Fracturing              The nanocomposites were fractured using
                        30 tons of force from a hydraulic ram. Less
                        force did not produce significant fracturing.
                        The fractured piece was analyzed, and a
                        crystal structure was visually observed in
                        the fractured piece.
Tunable density         During formation, the uncured
                        nanocomposite mixture could be moved on
                        a copper plate through the application of a
                        magnetic field. In this way,
                        nanocomposites having tunable and non-
                        uniform densities could be formed.

Example 4. Composite Formation

In this exemplary embodiment, it is demonstrated that nanocomposites in accordance with the present disclosure may be used to form a composite by bonding the nanocomposites to a substrate. The substrate may be any suitable substrate.

Composites were formed by bonding the nanocomposites produced according to Example 1 to a substrate. The nanocomposites act as their own plasticizers and bond to any conductive material. Substrates that exhibited excellent bonding include iron, copper, stainless steel, concrete, porous materials (e.g., wood or cardboard), aluminum, chrome phosphate pre-treated aluminum, and low-density polyethylene (LDPE). Substrates that exhibited poor bonding include polyvinyl chloride (PVC) pipe, high-density polyethylene (HDPE), and silicone. With poor or no bonding, all of the tension stays in the surface of the material, thereby generating a surface porosity so low that two cast 2-inch diameter cylinders will stick together from surface tension alone on the flat cast faces.

Example 5. Spotlight

In this exemplary embodiment, it is demonstrated that nanocomposites in accordance with the present disclosure may be used to coat a product and impart the benefits of their properties. The product may be any suitable product, such as a product that would benefit from being shielded from electromagnetic fields.
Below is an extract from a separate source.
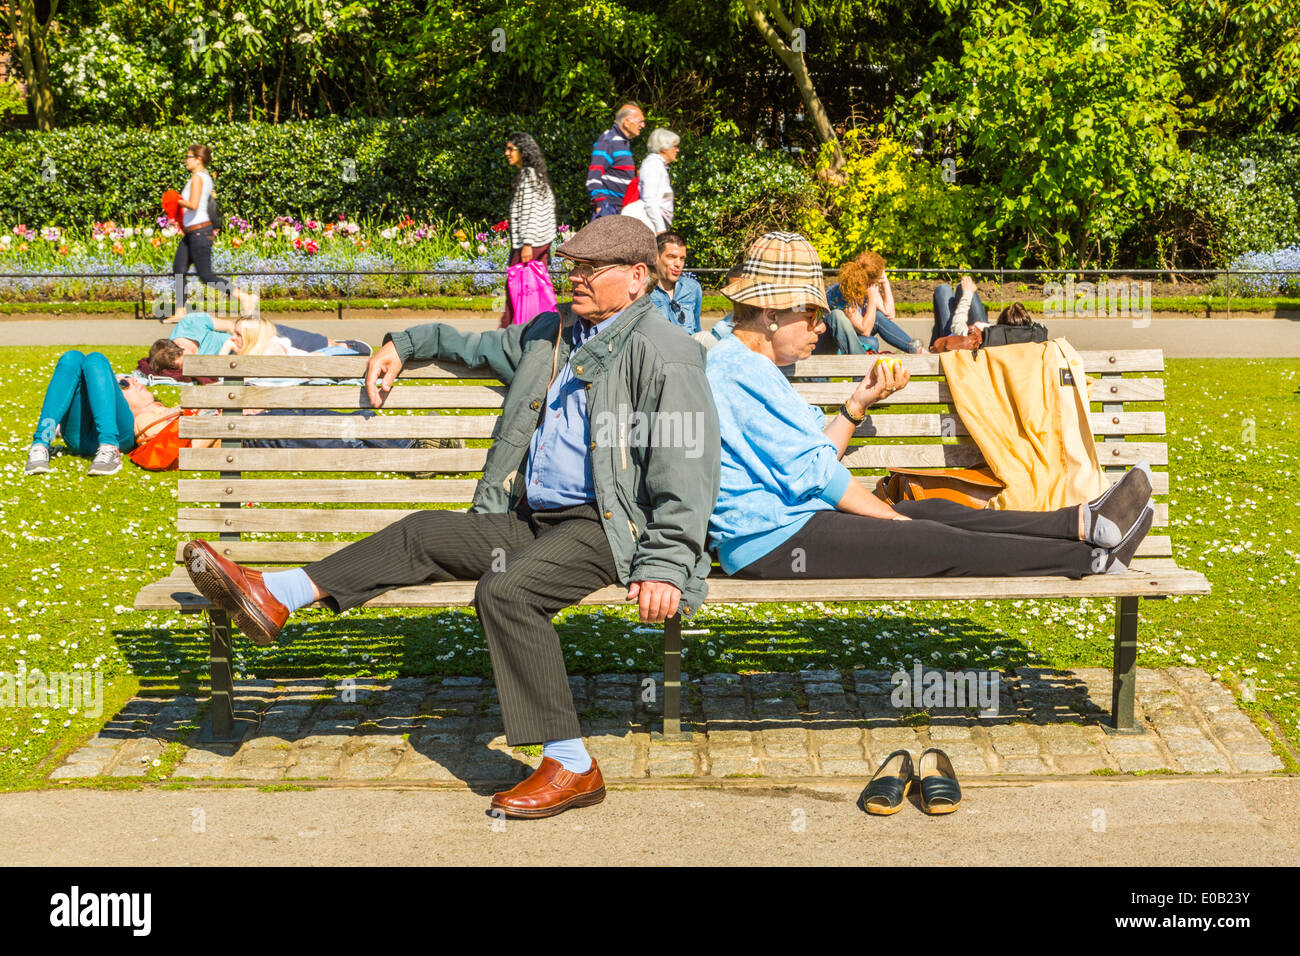 A senior Couple sitting and relaxing in the sunshine on a park bench, Regents Park London,England UK Stock Photo

To demonstrate one use of the nanocomposite in accordance with the present disclosure, a spotlight was coated with the nanocomposite on the backside of the spotlight. The nanocomposite includes 25% shredded single use trash plastic as a binding aggregate. The spotlight is shown in FIGS. 5-6 and is turned off. The spotlight includes LEDs arranged around a solar cell. The power system of the spotlight is entirely self-contained and monolithic, so it is anticipated to be long-lasting. With the nanocomposite, it is also magnetic and may be secured by a magnetic force. In addition, the nanocomposite provides shielding from electromagnetic fields.

Example 6. Flooring Panel

In this exemplary embodiment, it is demonstrated that nanocomposites in accordance with the present disclosure may be used to coat a product and impart the benefits of their properties. The product may be any suitable product, such as a product that would benefit from being shielded from electromagnetic fields.

To demonstrate one use of the nanocomposite in accordance with the present disclosure, a submersible flooring panel having built-in LEDs was coated with the nanocomposite on the backside of the submersible flooring panel. The nanocomposite includes 25% shredded single use trash plastic as a binding aggregate. The submersible flooring panel is shown in FIGS. 7-8 and is turned on.

The submersible flooring panel is solar-powered, magnetic, and surface-cooling, and has built-in LEDs exhibiting 12-hour photoluminescence when charged. The submersible flooring panel may be a tile or plank. The power system of the submersible flooring panel is entirely self-contained and monolithic, so it is anticipated to be long-lasting.

Example 6. Magnetic Deadening Clip

In this exemplary embodiment, it is demonstrated that nanocomposites in accordance with the present disclosure may be used to coat and/or mold a product and impart the benefits of their properties. The product may be any suitable product, such as a product that would impart shielding from electromagnetic fields to other products.

To demonstrate one use of the nanocomposite in accordance with the present disclosure, a magnetic deadening clip was formed from the nanocomposite. In particular, the magnetic deadening clip includes a core having a nanocomposite including 60% magnetite concentration and an outer surface having a nanocomposite including 25% magnetite concentration so that the outer surface is more flexible. The magnetic deadening clip is shown in FIG. 9. A magnetic deadening clip of this composition is particularly useful in fishing applications, such as to replace iron core cable clips that attach sonar cables to a stainless-steel pole of a trolling motor or other sonar transducer positioning system.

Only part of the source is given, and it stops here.